To extract OLE objects from an Access database using PHP, you need to use the COM class in PHP. This class allows PHP to interact with any COM objects, enabling it to access an Access database. You can then use SQL queries to select the OLE objects and extract them.

What is the difference between an OLE object and an attachment in Access?

An OLE object and an attachment in Access serve similar purposes, but they handle data differently. An OLE object allows you to link or embed files from other applications. An attachment, on the other hand, is a more flexible way to add and manage multiple files within a single field in a record.

Can I extract multiple OLE objects at once using PHP?

Yes, you can extract multiple OLE objects at once using PHP. You can do this by running a loop through the results of your SQL query, extracting each OLE object in turn.

Why am I getting errors when trying to extract OLE objects using PHP?

There could be several reasons why you’re getting errors when trying to extract OLE objects using PHP. It could be due to incorrect SQL queries, issues with the COM class, or problems with the Access database itself. Make sure your code is correct, and that the database is not corrupted.

How can I handle errors when extracting OLE objects using PHP?

You can handle errors when extracting OLE objects using PHP by using try-catch blocks. This allows you to catch any exceptions that occur during the extraction process and handle them appropriately.

Can I extract OLE objects from an Access database using other programming languages?

Yes, you can extract OLE objects from an Access database using other programming languages that support COM objects, such as Python or C#.

How can I improve the performance of my PHP script when extracting OLE objects?

You can improve the performance of your PHP script when extracting OLE objects by optimizing your SQL queries, using efficient data structures, and minimizing the use of resources.

Can I extract OLE objects from an Access database on a web server using PHP?

Yes, you can extract OLE objects from an Access database on a web server using PHP. However, you need to ensure that the server has the necessary COM class support and that it can access the database.

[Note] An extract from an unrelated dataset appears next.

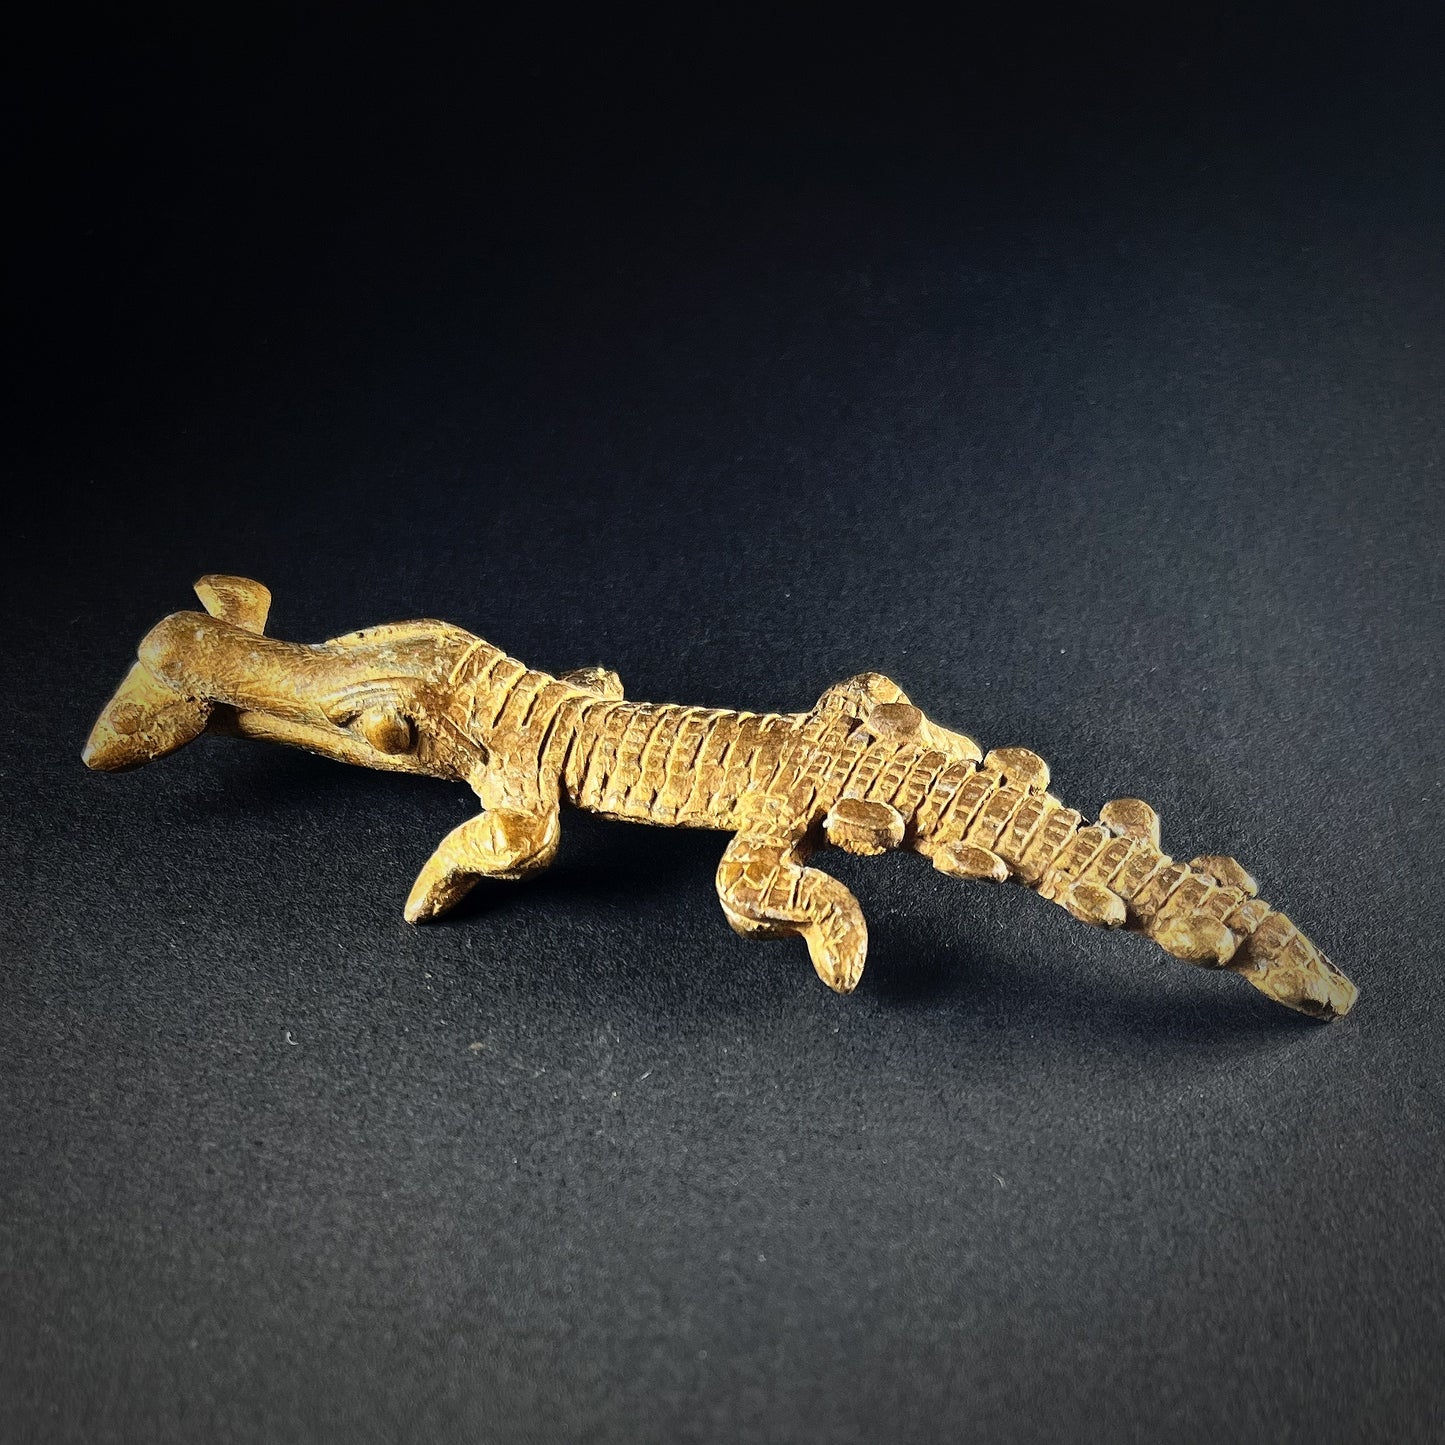 Crocodile amulet made out of bronze. Crocodile has a fish in its mouth. Origin Lobi people in Africa.
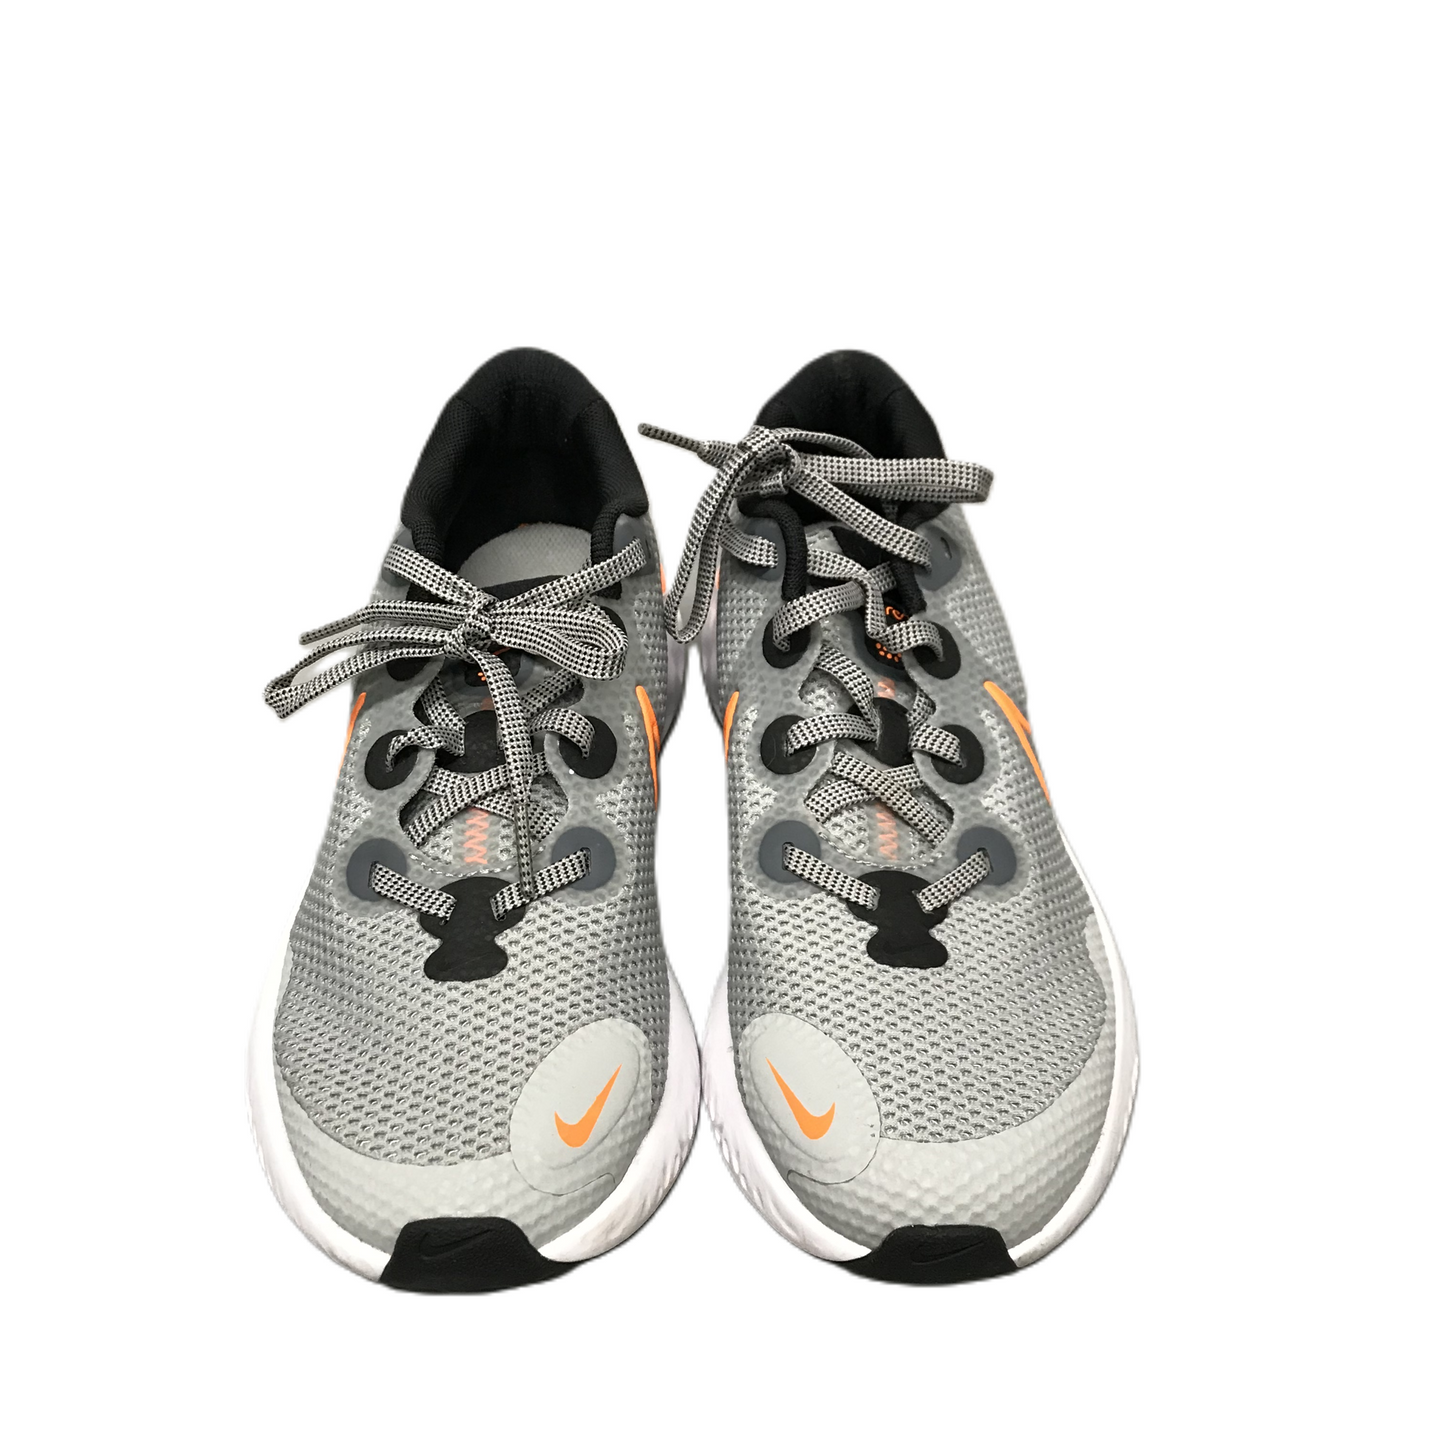 Grey Shoes Athletic By Nike, Size: 6

How can I ensure the security of my Access database when extracting OLE objects using PHP?

You can ensure the security of your Access database when extracting OLE objects using PHP by using secure SQL queries, validating and sanitizing input data, and implementing proper error handling.

David FrancisDavid Francis
View Author

David is a web developer based in England. He is an experienced programmer having developed software for various platforms including 8-bit CPUs, corporate mainframes, and most recently the Web. His preference is for simplicity and efficiency, avoiding where possible software that's complex, bloated, or closed.